Die Gruppe engagiert sich für Ihr akademisches und berufliches Wachstum und bietet ein dynamisches und unterstützendes Forschungsumfeld. Sie haben Zugang zu modernster Massenspektrometrie und anderen experimentellen Werkzeugen sowie zu Mentoring durch Experten aus verschiedenen Disziplinen. Es wird zahlreiche Möglichkeiten geben, Ihre Arbeit auf renommierten Konferenzen zu präsentieren und in hochrangigen Fachzeitschriften zu veröffentlichen.
Über die wissenschaftlichen Vorteile hinaus werden Sie in einem anregenden und interdisziplinären Forschungsumfeld gedeihen, mit Zugang zu erstklassigen Kernanlagen und attraktiven Arbeitsbedingungen in der Schweiz. Die Position befindet sich auf dem medizinischen Campus UNIL/CHUV in Lausanne, in der Nähe der EPFL, und bietet eine intellektuell anregende Atmosphäre nur wenige Minuten vom Genfersee und den Schweizer Alpen entfernt.

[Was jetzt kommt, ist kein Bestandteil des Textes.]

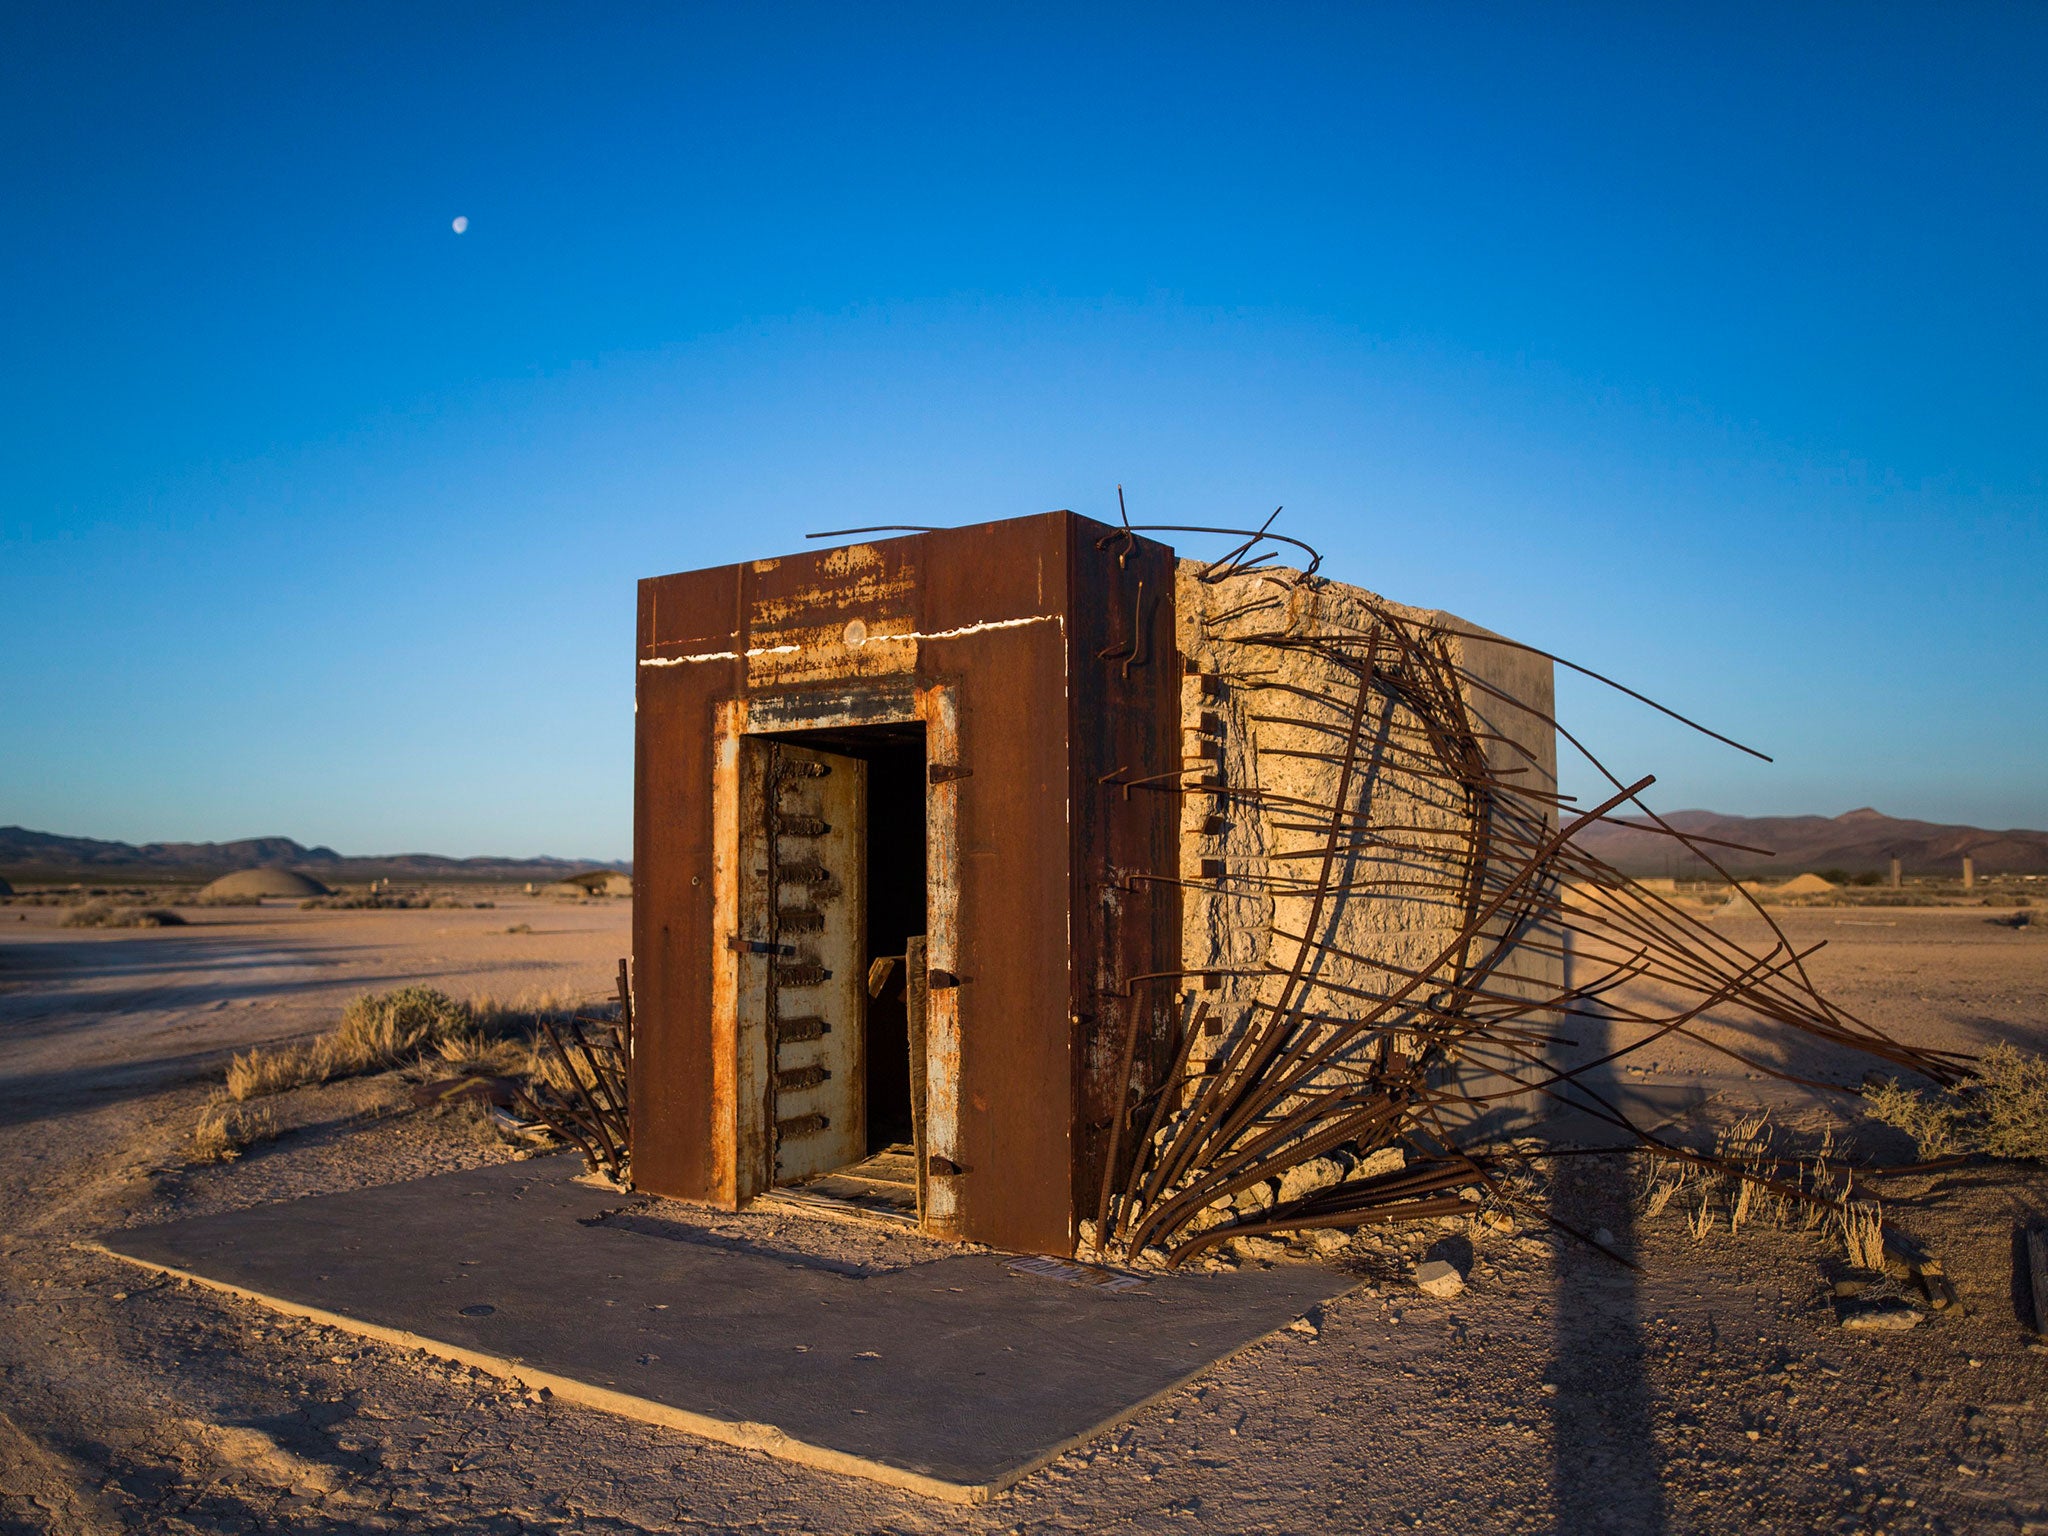 The Mosler bank vault, constructed to determine the effects of nuclear weapons on civil structures, survived a 37-kiloton blast in 1957 at the Nevada National Security Site, 100 miles (160 kilometers) northwest of Las Vegas, Nevada

Kontakt für weitere Informationen
Prof. Yibo Wu
yibo.wu@unil.ch
Ihre Bewerbung
Bewerbungsschluss: 31.08.2025
Um sich zu bewerben, senden Sie bitte Ihre vollständige Bewerbung (einschließlich Lebenslauf, ein Anschreiben, das Ihre Forschungserfahrung und Interessen detailliert beschreibt, eine Liste von Publikationen und Kontaktdaten von drei Referenzen)
Die Überprüfung der Bewerbungen beginnt am 1. August 2025 und wird fortgesetzt, bis die Position besetzt ist. Nur Bewerbungen, die über die angegebene Website eingereicht werden, werden berücksichtigt.
Bitte senden Sie Ihre vollständige Bewerbung im Word- oder PDF-Format.
Nur Bewerbungen über diese Website werden berücksichtigt.
Wir danken Ihnen für Ihr Verständnis.
Zusätzliche Informationen
UNIL verpflichtet sich zu:
• Gleichheit, Vielfalt und Inklusion innerhalb seiner Gemeinschaft;
• Sicherstellung eines offenen und respektvollen Umfelds, das die persönliche Entwicklung fördert;
• Angebot von Arbeitsbedingungen, die eine Balance zwischen Berufs- und Privatleben erleichtern;
• Unterstützung von Forschern in der frühen Karriere.